> **Task item**:
The lines in the listing below are to be given again exactly, starting at the line holding "DUNCAN, IRMA &" and ending at the line holding "Familjefest Galakonsert Dansgala". Do not include pictures.

-------- Data listing --------

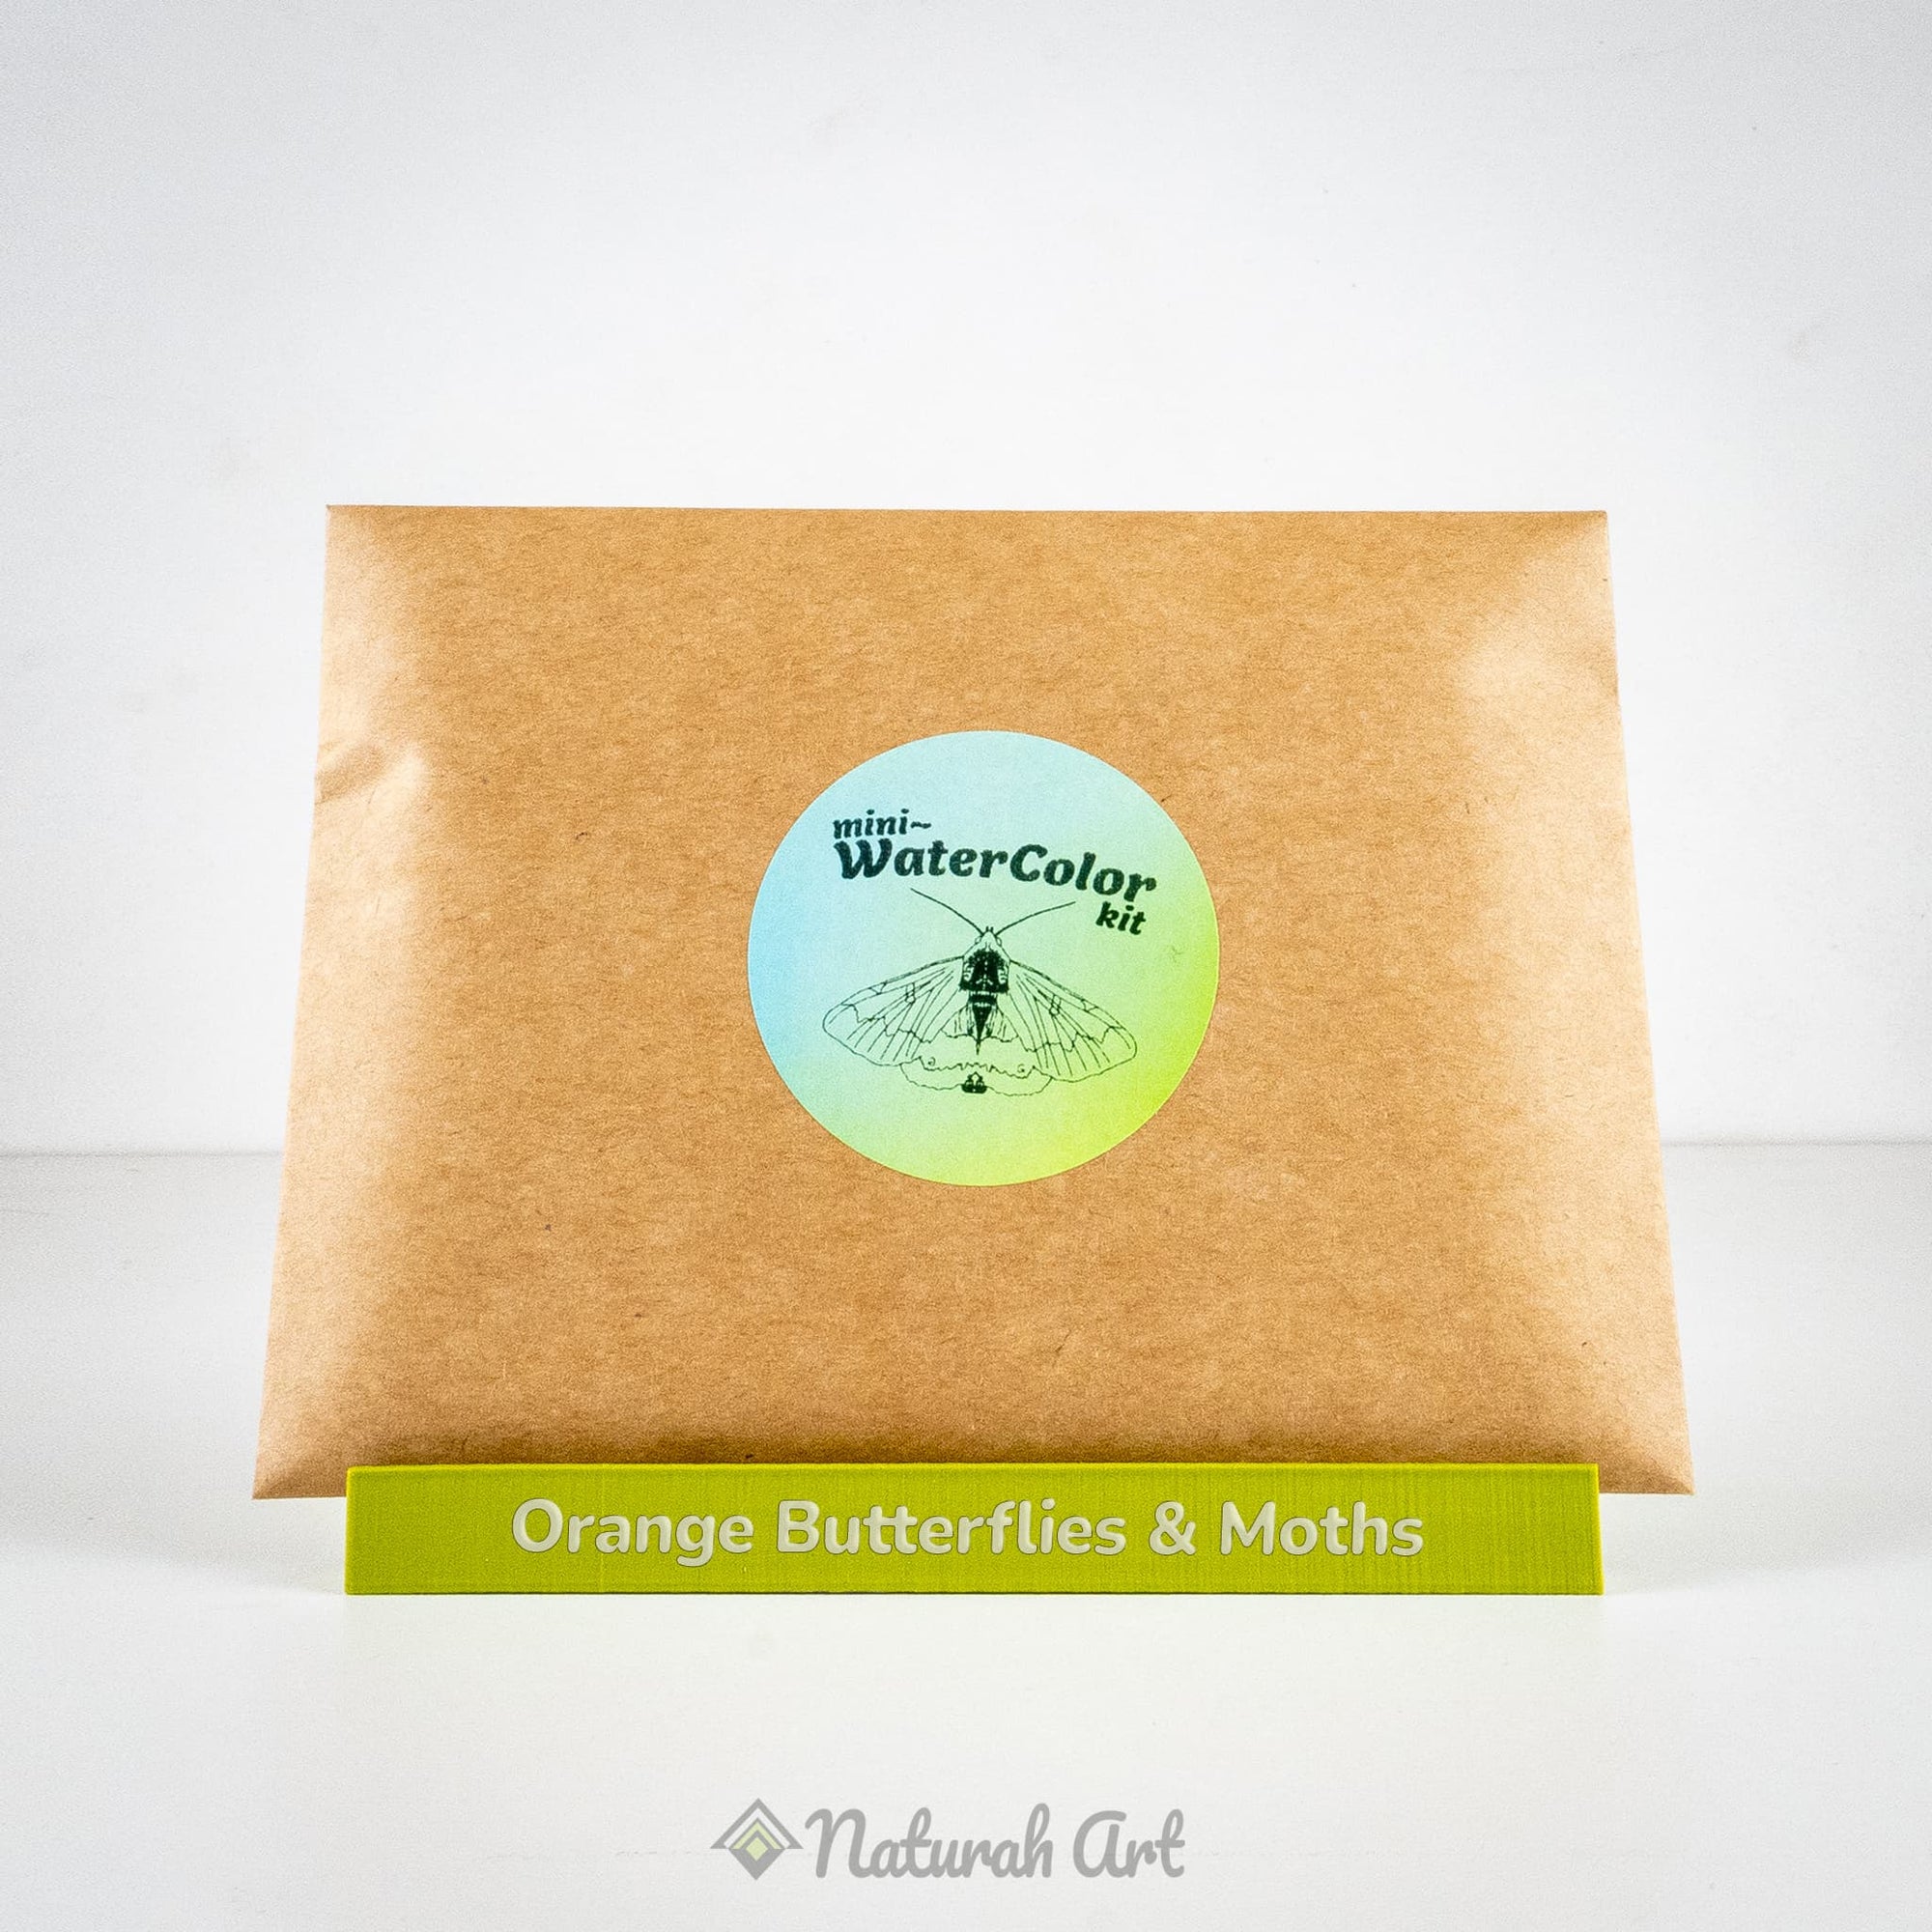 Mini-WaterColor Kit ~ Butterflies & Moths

--------
-------- Data listing --------

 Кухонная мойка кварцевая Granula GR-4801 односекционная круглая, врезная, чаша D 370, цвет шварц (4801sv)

--------
-------- Data listing --------

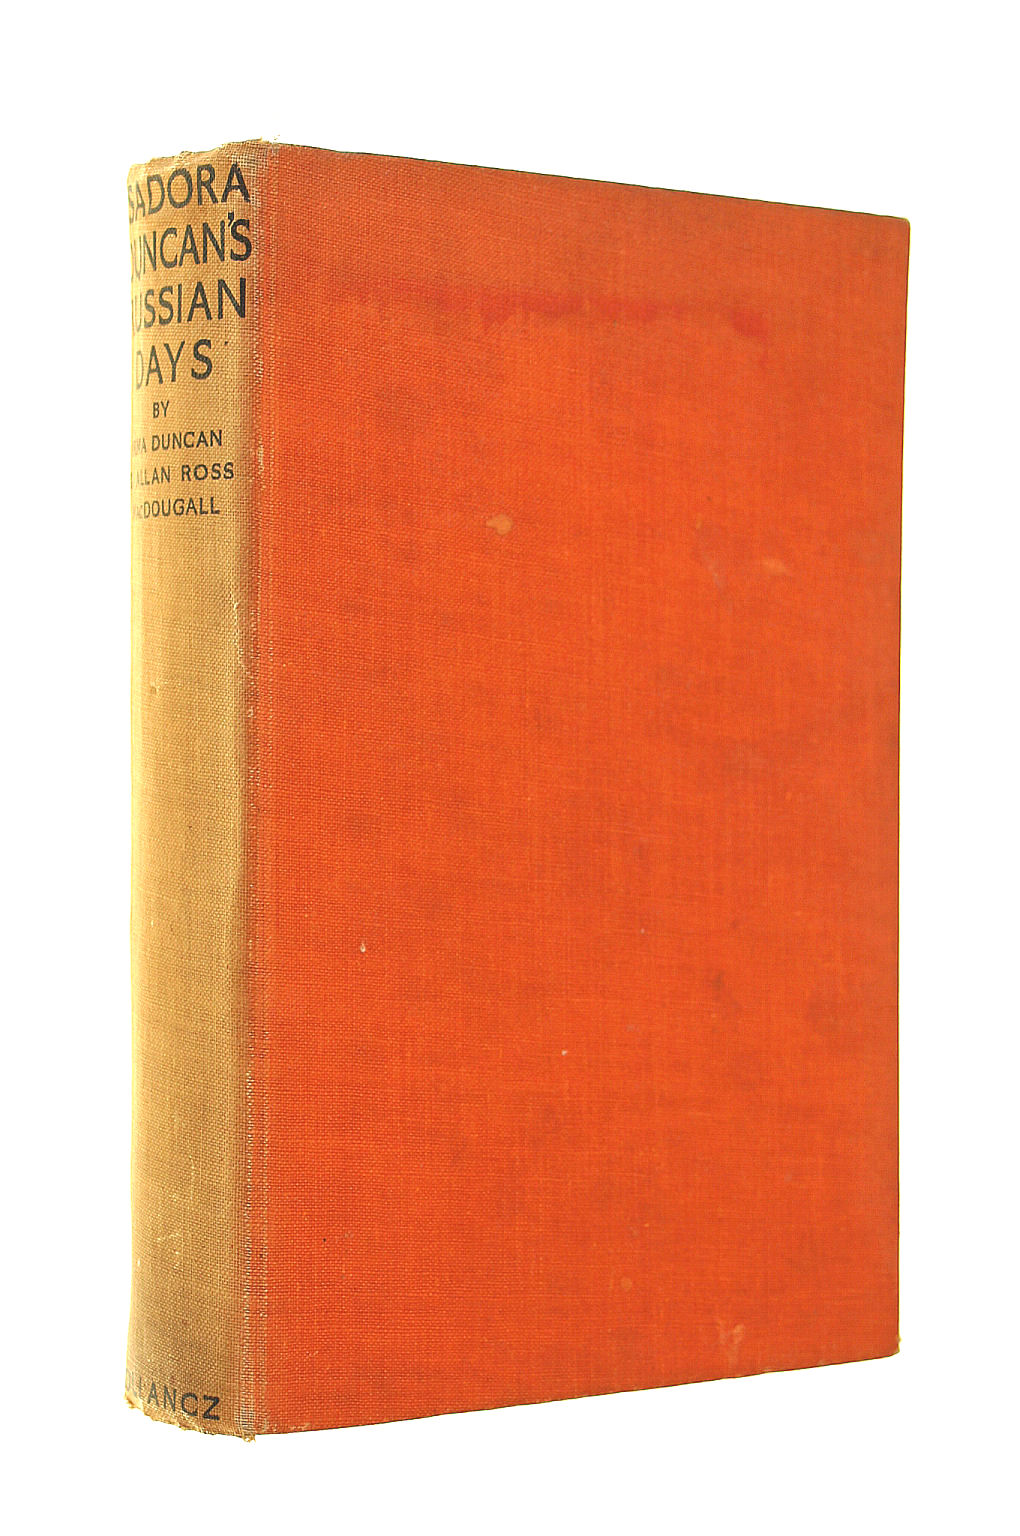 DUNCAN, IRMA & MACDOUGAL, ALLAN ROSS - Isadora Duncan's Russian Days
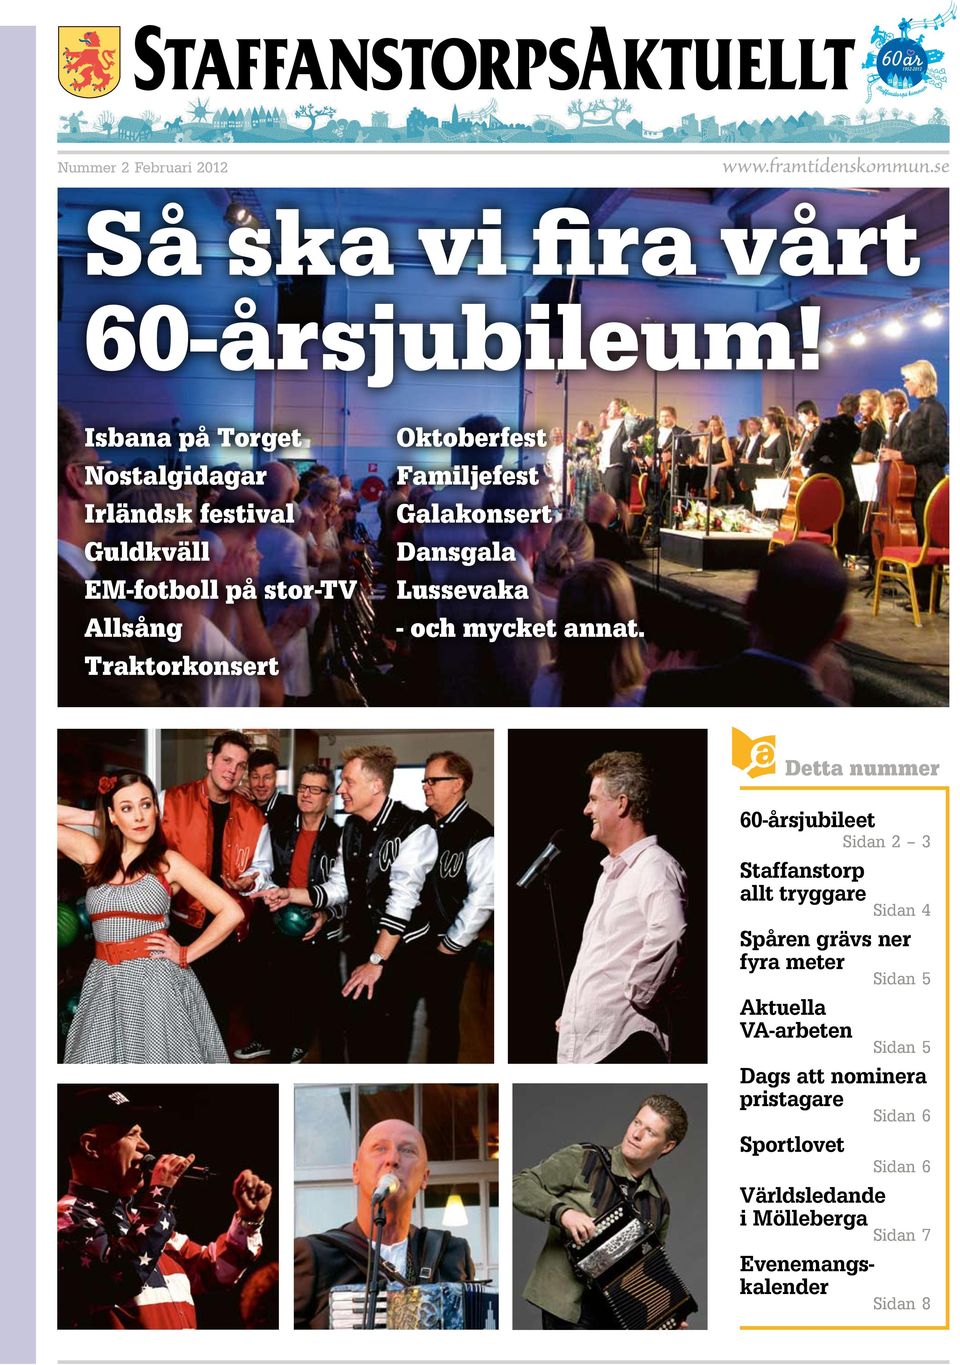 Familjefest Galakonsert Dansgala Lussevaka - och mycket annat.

--------

> **Solution for this exercise**:
 DUNCAN, IRMA & MACDOUGAL, ALLAN ROSS - Isadora Duncan's Russian Days
 Familjefest Galakonsert Dansgala Lussevaka - och mycket annat.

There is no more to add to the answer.